LONDON — U.K. Prime Minister Boris Johnson’s aide Dominic Cummings says he was in an “exceptional situation” and broke no rules when he drove 250 miles (400 km) to his parents’ house during a nationwide lockdown.
In an exceptionally rare televised statement, Cummings gave a detailed account of his movements in late March and early April, which have caused an intense political storm.
Cummings said he traveled so that extended family could care for his 4-year-old son if he and his wife, who were infected with the coronavirus, both fell ill.
His trip came after the government imposed a strict “stay home” order, and Cummings is being accused of flouting the rules he helped impose on the rest of the country.
Cummings insisted that “the rules … allowed me to exercise my judgment.”
He said “I don’t regret what I did,” though he acknowledged that “reasonable people” might disagree with his actions.
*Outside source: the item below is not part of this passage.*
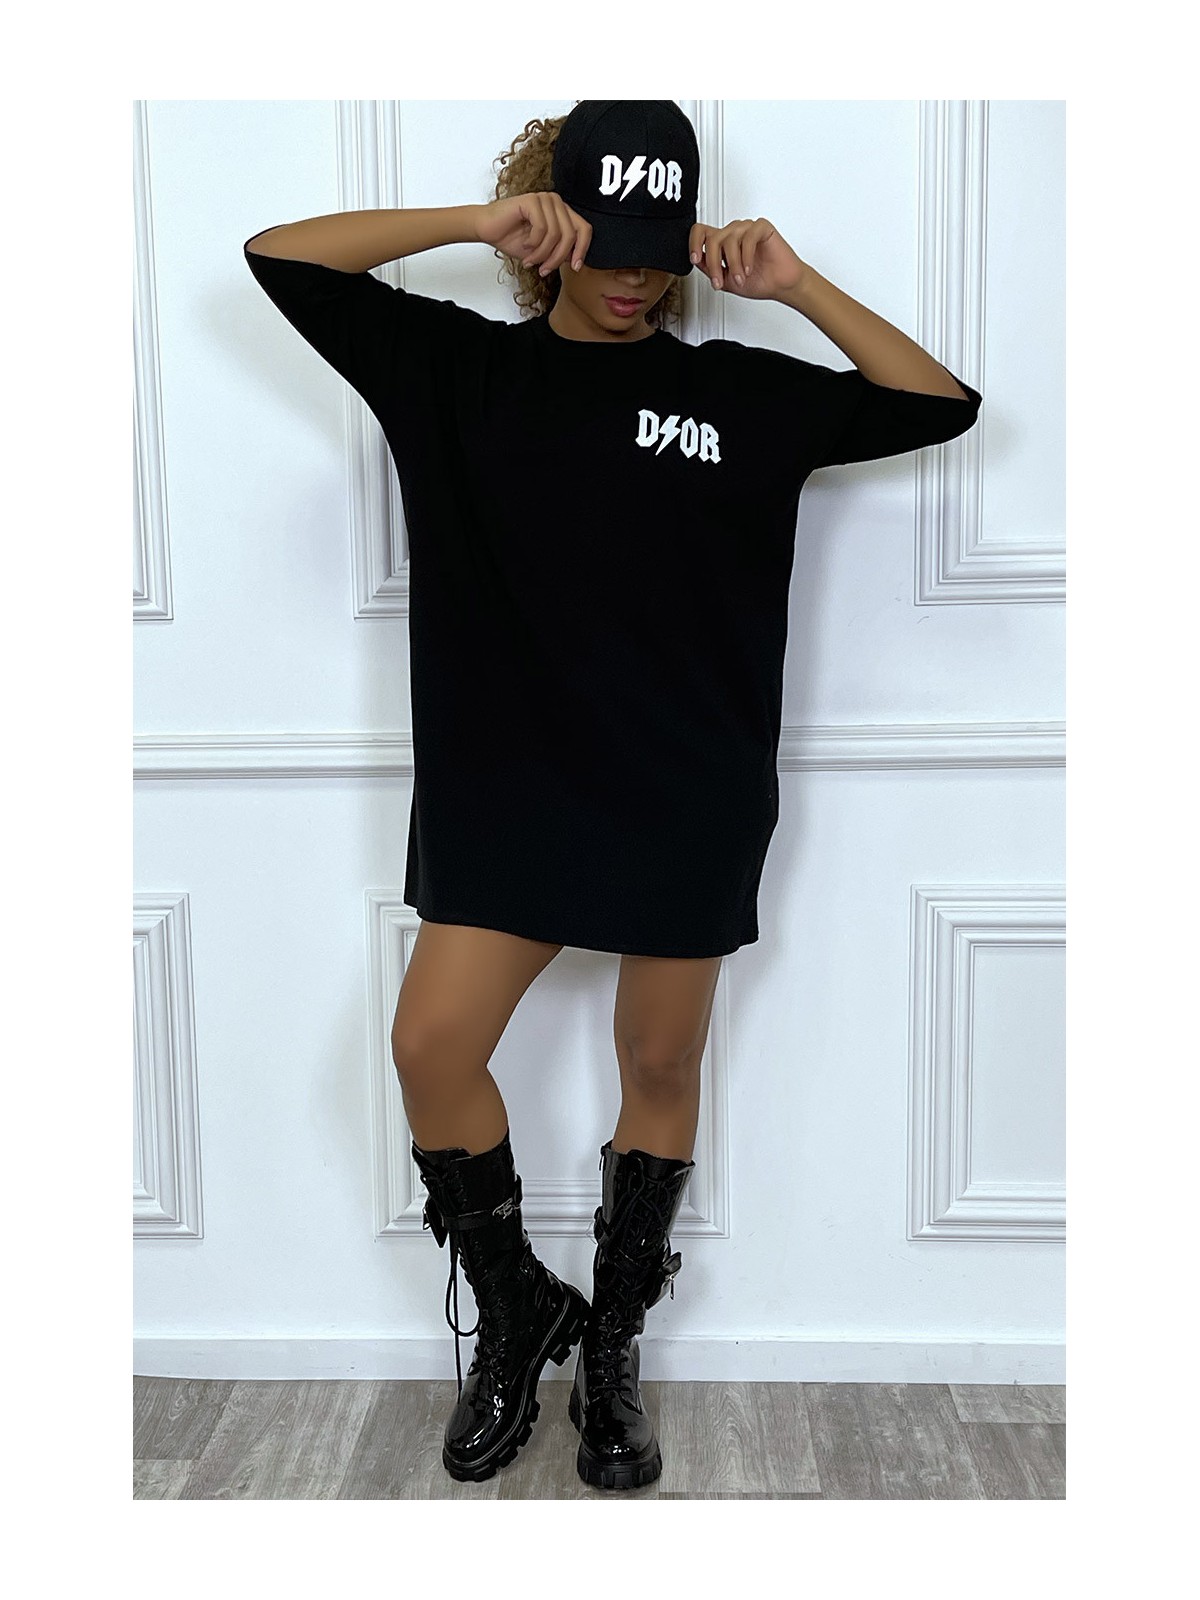 Tee-shirt oversize noir tendance, écriture "D/or", manche mi-longue - 7

TOKYO — Japan Prime Minister Shinzo Abe on Monday said the swift development of vaccines and effective treatments for COVID-19 are priorities towards achieving the Tokyo Olympics next year.
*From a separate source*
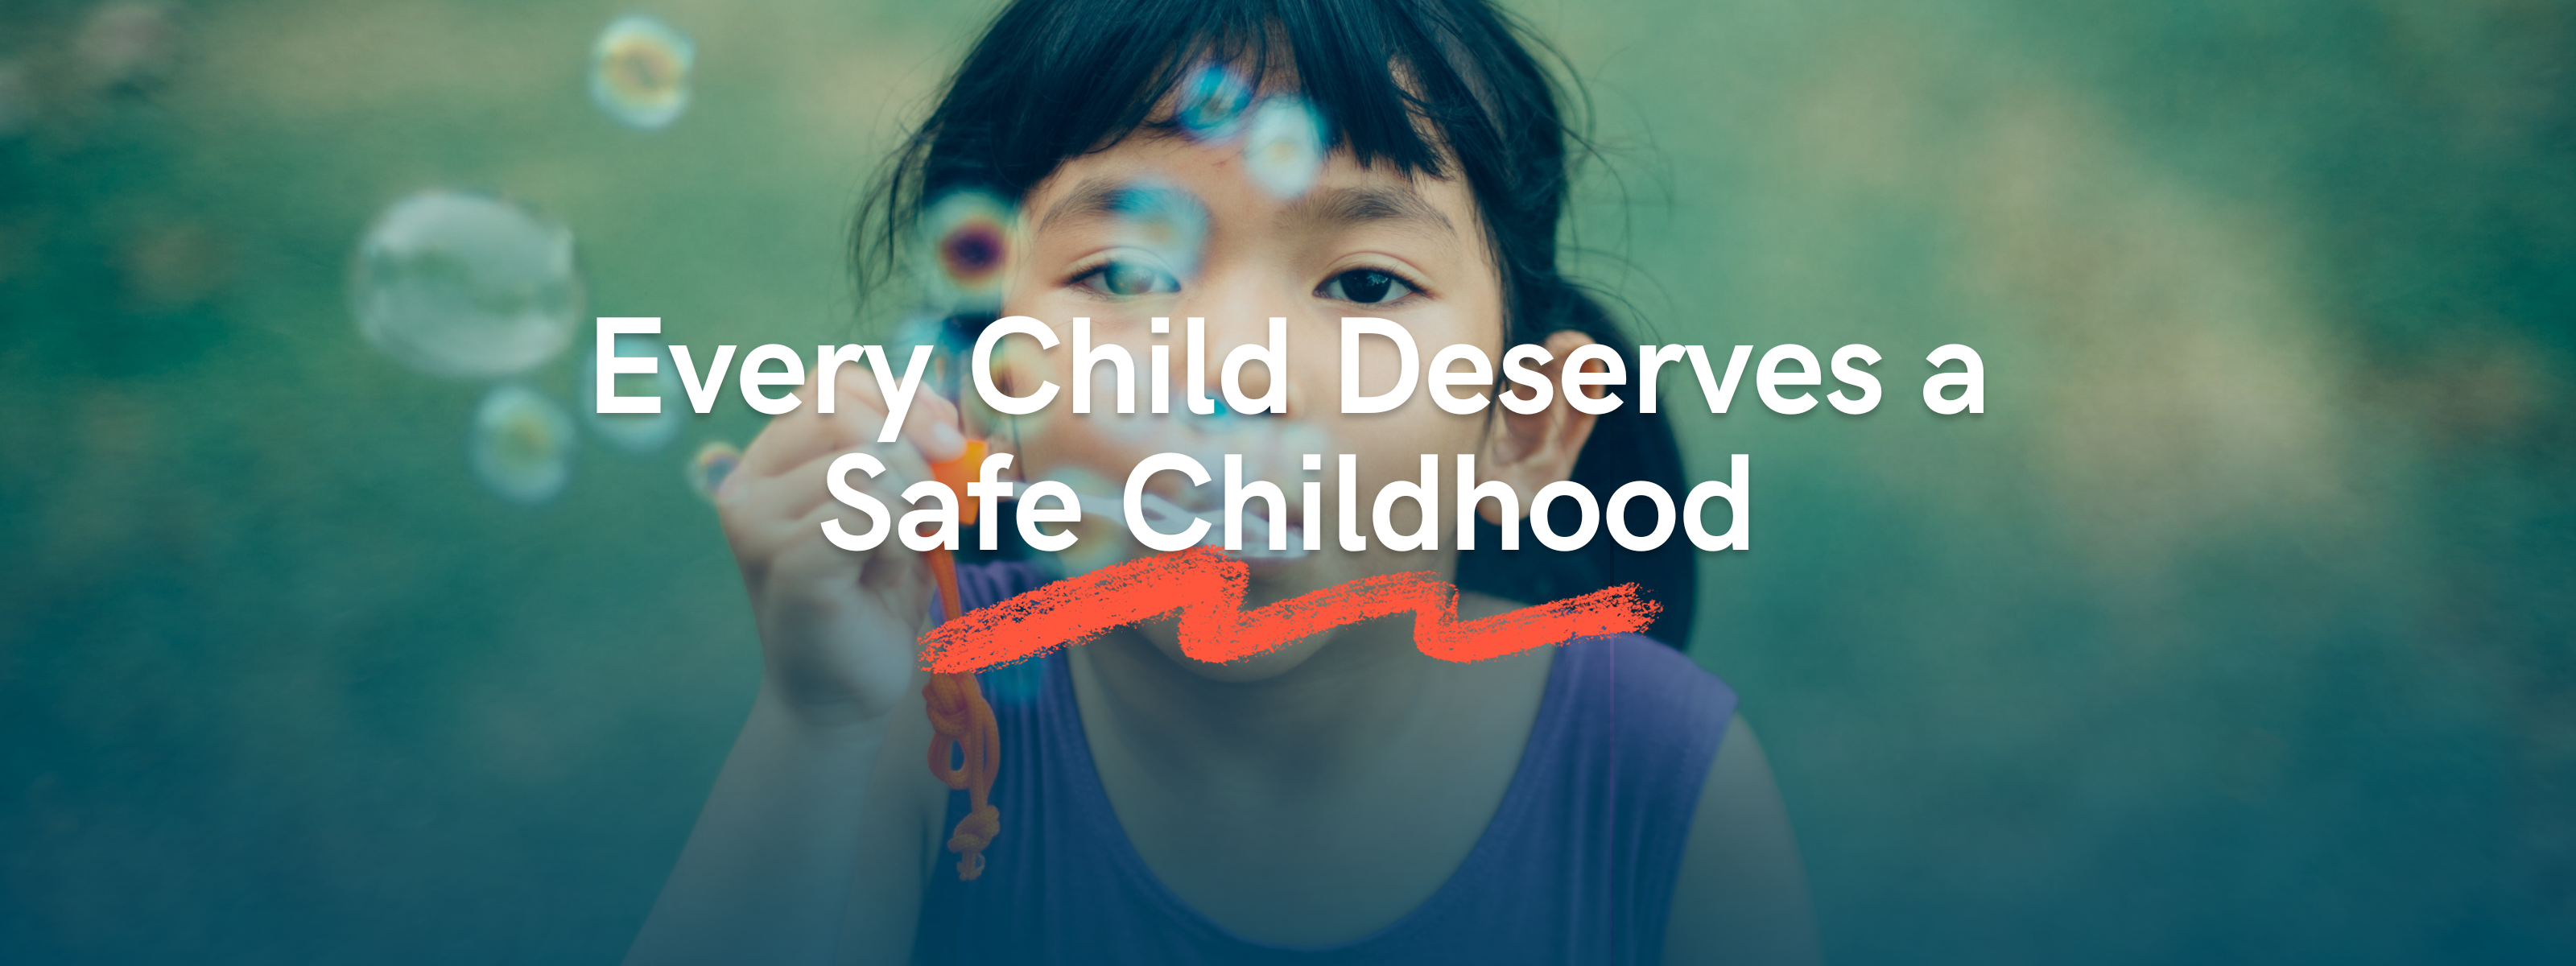 Every Child Deserves a Safe Childhood Image

Abe said recovery from the coronavirus pandemic only in Japan would not be enough to hold the Games, because it involves spectators and athletes from around the world.
Abe reiterated that the government hopes to hold the Tokyo Games “in a complete form” — with spectators — as a proof of human victory against the coronavirus.
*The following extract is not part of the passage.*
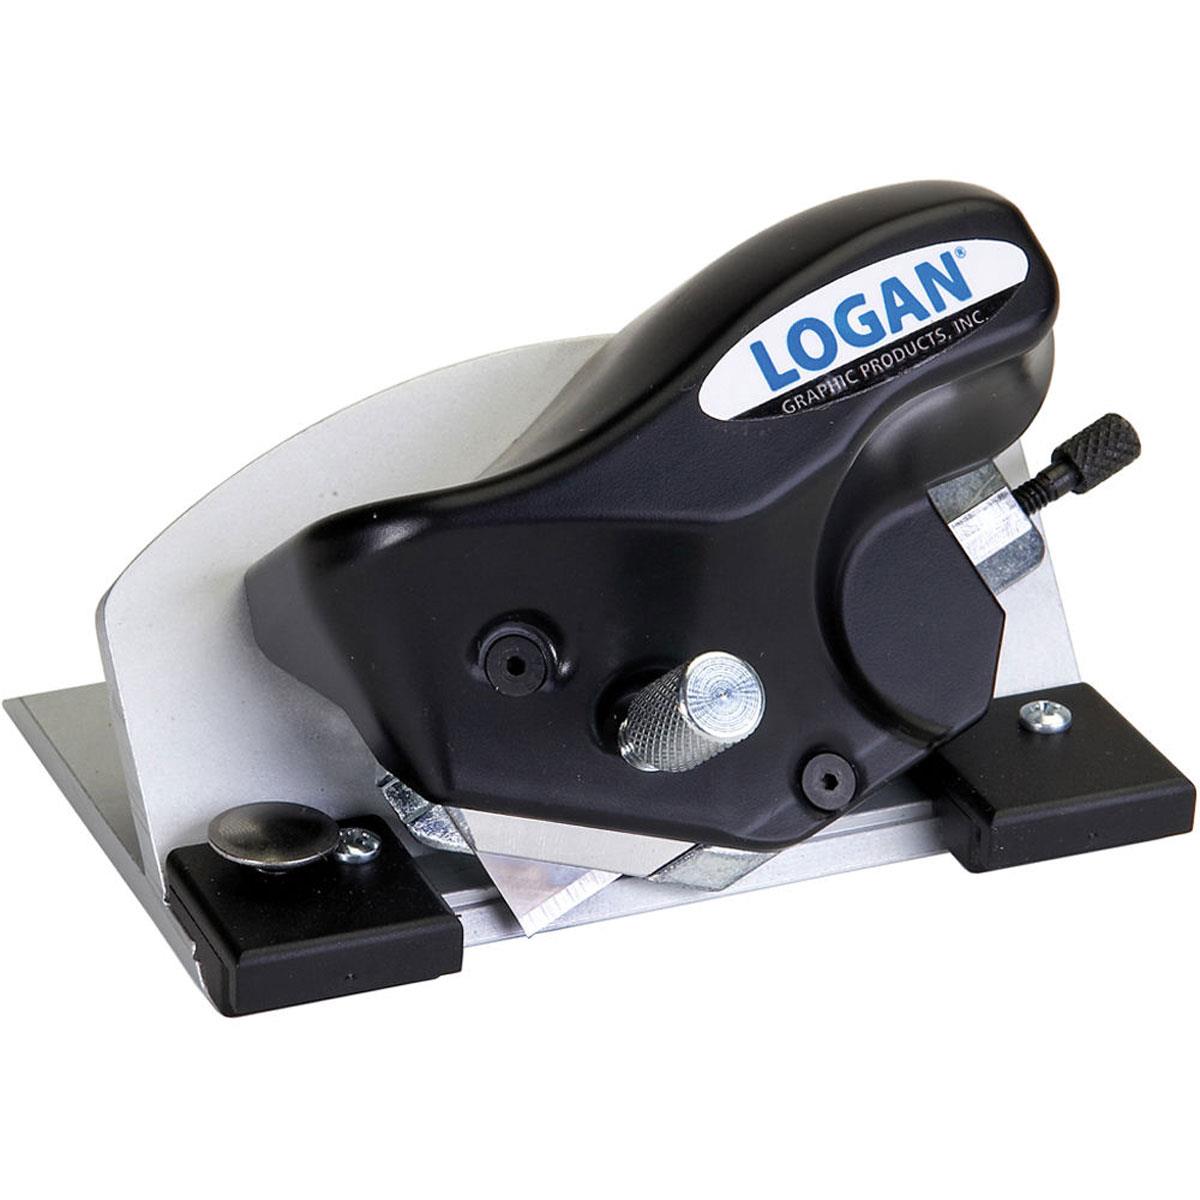 Image of Logan Graphics 8-Ply Handheld Mat Cutter

In late March, when the coronavirus became a global pandemic, Japan and the International Olympic Committee agreed to postpone the Games by one year to July 2021.
Experts say developing an effective and safe vaccine by the Games next year would be difficult. Abe acknowledged Monday that the fight against the virus “would be an endurance battle.”
Abe made the remark at a news conference Monday as he declared an end to a state of emergency across the nation.
Japan, with about 16,600 confirmed cases and about 850 deaths, has so far avoided a large outbreak like those experienced in the U.S. and the Europe despite its softer restrictions.
BEIJING — The Chinese city of Wuhan has conducted more than 6.5 million coronavirus tests over a 10-day period in a bid to test all its 11 million residents, state media said Monday.
The city’s health commission, in a post on its website, asked anyone who hasn’t been tested to come forward by the end of Tuesday.
No new COVID-19 cases have been reported since the 10-day campaign started, though some people with no symptoms tested positive. More than 3 million people had been tested prior to the campaign, the official Xinhua News Agency said.
The campaign was launched after a cluster of six cases was discovered in one residential compound. Wuhan, where the global pandemic is believed to have started late last year, was by far the city hit hardest in China.
TOKYO — Japan Prime Minister Shinzo Abe says his government will compile a fresh stimulus package worth about 100 trillion yen ($930 billion) to provide financial support for companies hit by the coronavirus pandemic.
Abe unveiled the new stimulus at a news conference Monday as he declared an end to a coronavirus state of emergency across the nation, as he removed the measure in five remaining prefectures including Tokyo.
Abe said a Cabinet approval of funding for the additional stimulus package is expected later this week.
The package would bring the amount of spending to more than 200 trillion yen ($1.9 trillion), he said. The government earlier compiled a 117 trillion yen stimulus package.
Japan, with about 16,600 confirmed cases of COVID-19 and about 850 deaths, has so far avoided a large outbreak like those experienced in the U.S. and the Europe despite its softer restrictions.
But the world’s third-largest economy is fallen into a recession, and public discontent over Abe’s handling of the coronavirus has sent his support ratings tumbling.